___ Recorded data ___

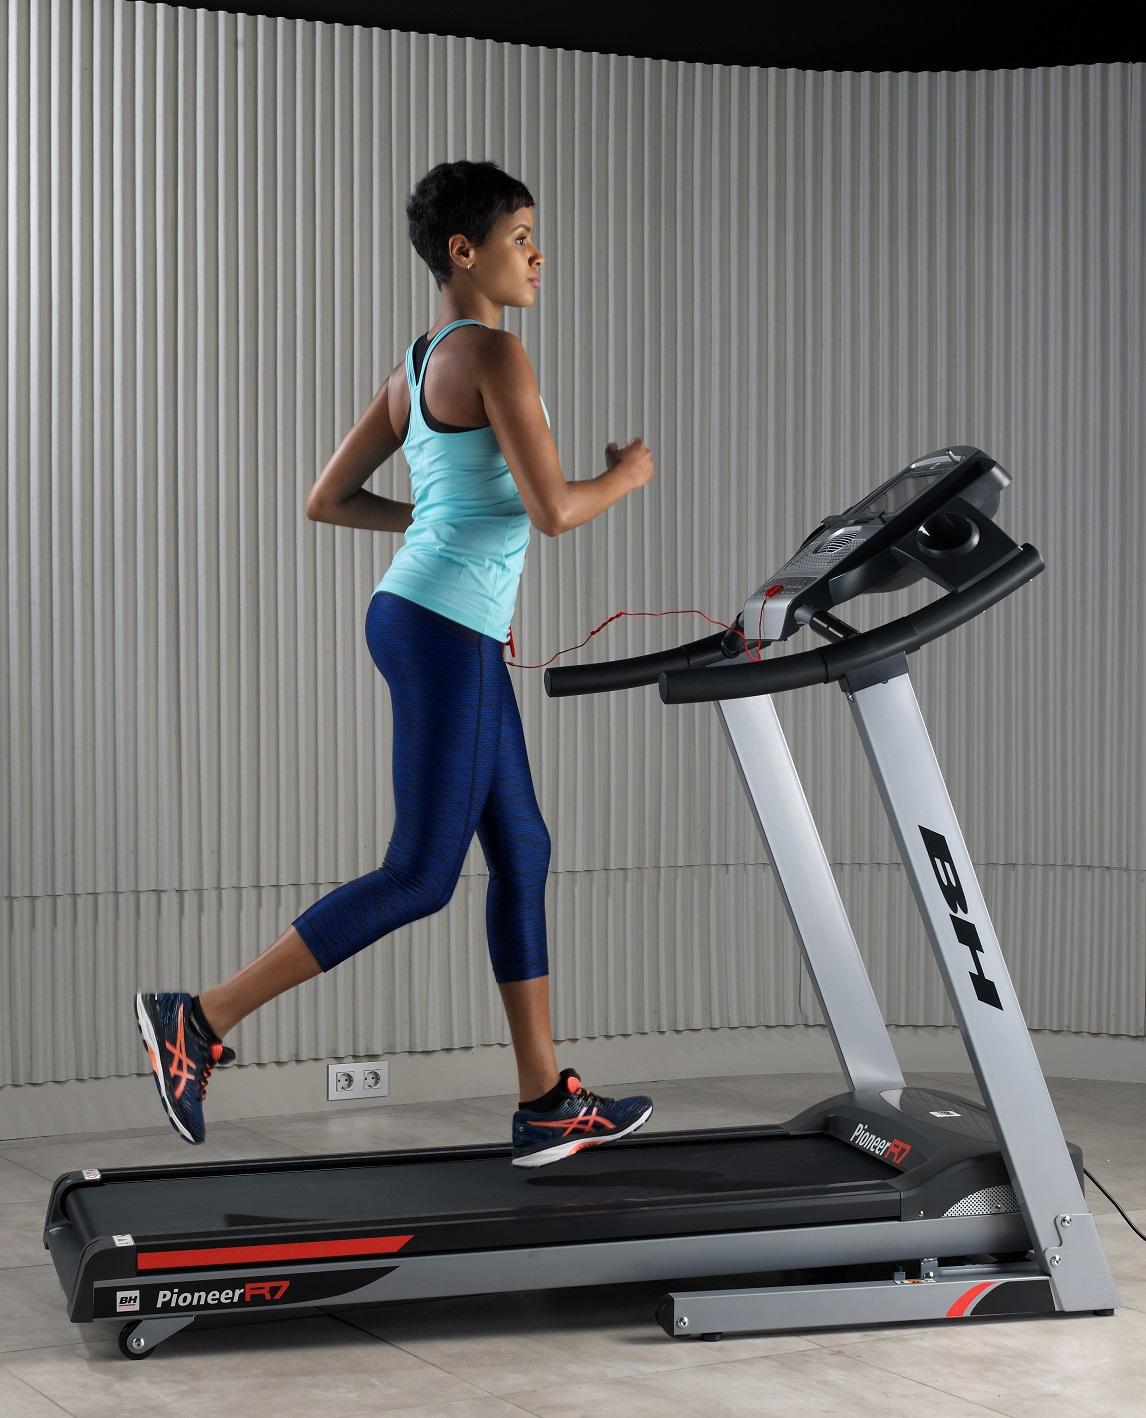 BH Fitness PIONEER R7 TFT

___
___ Recorded data ___

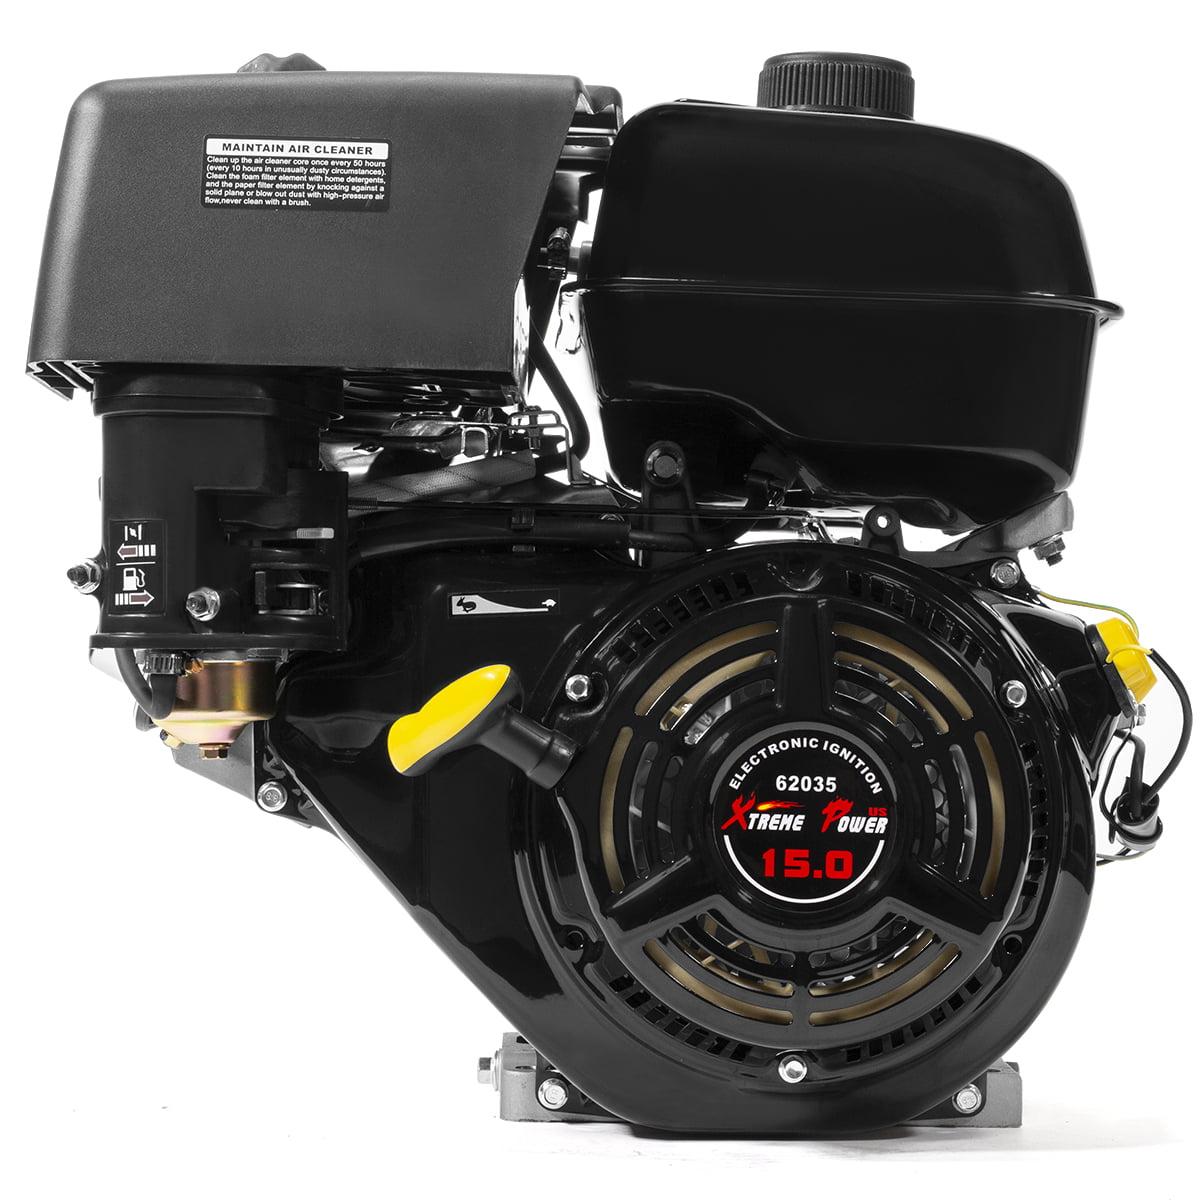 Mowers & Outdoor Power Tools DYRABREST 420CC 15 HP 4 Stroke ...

___
___ Recorded data ___

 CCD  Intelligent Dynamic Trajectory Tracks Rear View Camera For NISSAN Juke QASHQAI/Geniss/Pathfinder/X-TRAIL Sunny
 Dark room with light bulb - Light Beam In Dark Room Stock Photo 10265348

___

| Work item |
Word for word, restate the lines of the data above that fall between the line holding "Juke QASHQAI/Geniss/Pathfinder/X-TRAIL Sunny" and the line holding "Dark room with", inclusive, and no other lines.

| Response |
 CCD  Intelligent Dynamic Trajectory Tracks Rear View Camera For NISSAN Juke QASHQAI/Geniss/Pathfinder/X-TRAIL Sunny
 Dark room with light bulb - Light Beam In Dark Room Stock Photo 10265348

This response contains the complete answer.